Positively charged substituents (i.e., N(CH3)(3+) and S(CH3)(2+)) have larger positive F values due to a positive charge that is saturated near the carbon framework in question. Negatively charged substituents (i.e., CO^{2−} and SO^{3−}) have much lower F values because of their ability to resonate electron density amongst the oxygen atoms and stabilize it through hydrogen-bonding with solvents.

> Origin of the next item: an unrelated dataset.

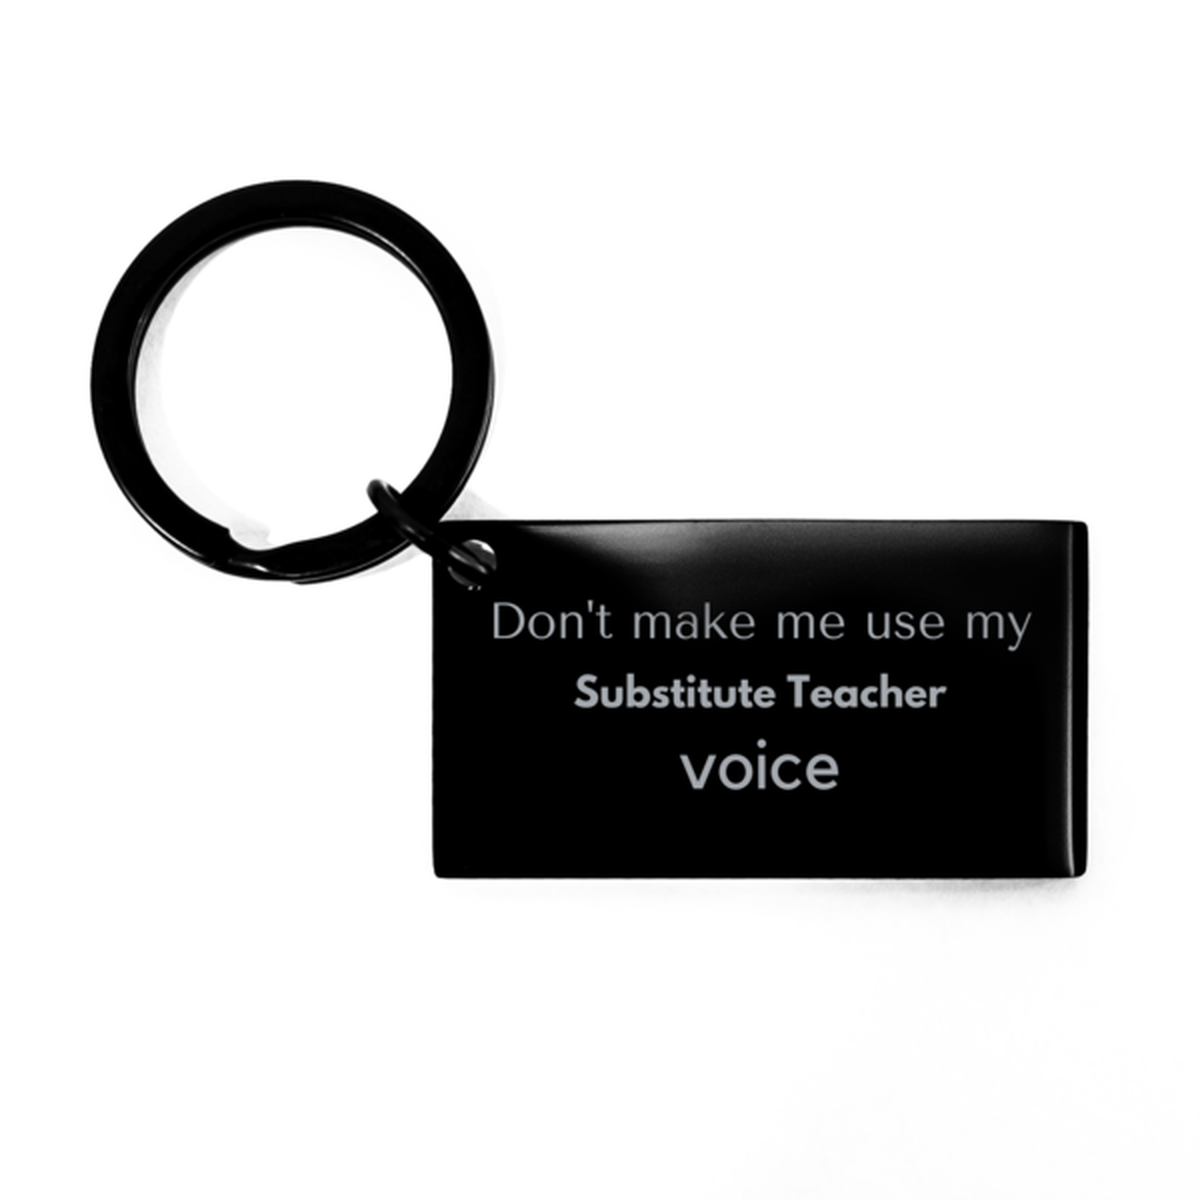 Don't make me use my Substitute Teacher voice, Sarcasm Substitute Teacher Gifts, Christmas Substitute Teacher Keychain Birthday Unique Gifts For Substitute Teacher Coworkers, Men, Women, Colleague, Friends
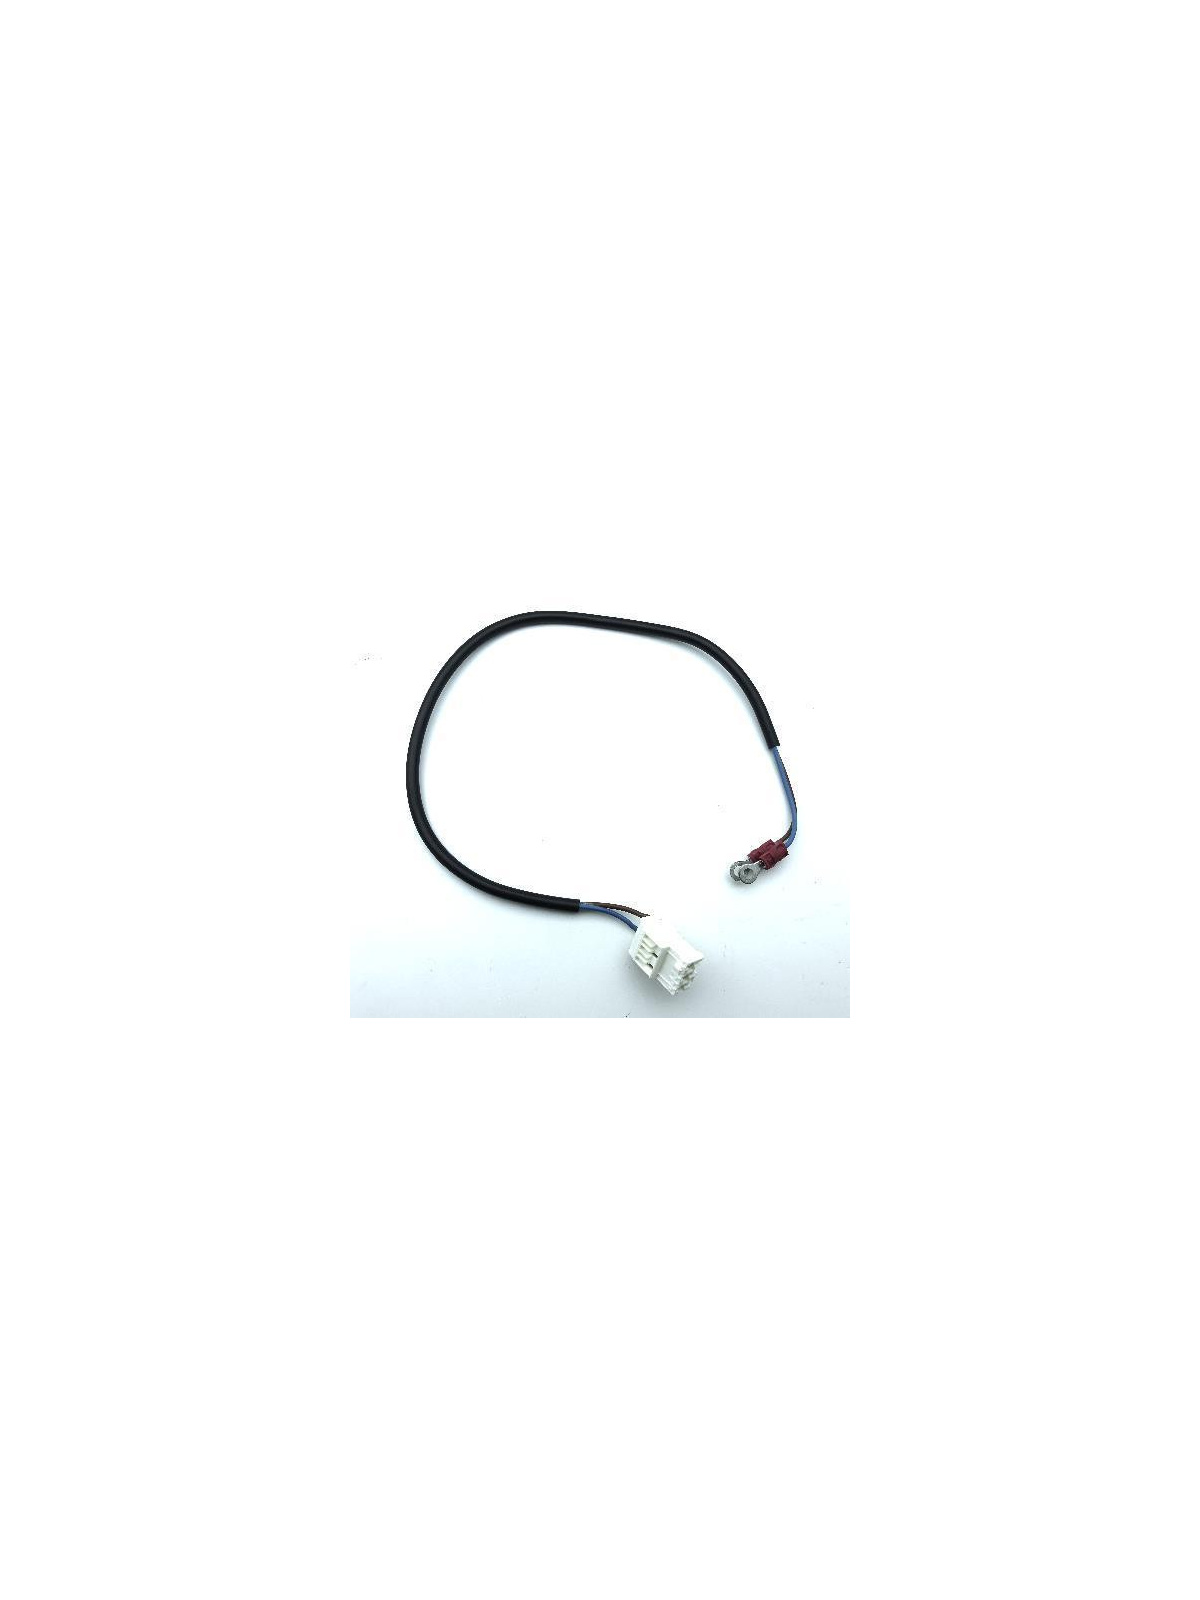 Virutex 8546200 Micro switch cable | JVL-Europe

Linear free energy relationships are still useful, despite their disadvantages when pushed to the limits. New techniques to solve for Swain–Lupton substituent parameters involve studying chemical shifts through nuclear magnetic resonance spectroscopy. Recently, ^{15}N NMR chemical shifts and substituent effects of 1,2,3,4,5,6,7,8-octahydroacridine and derivatives were studied. Values for R and F were found for the \sN(COCH3)2 group, which could not be found previously using known methods.

==Values of f and r==
It is sometime useful to look at the percent resonance (%r), because r is dependent on the reaction and is the same for all substituents.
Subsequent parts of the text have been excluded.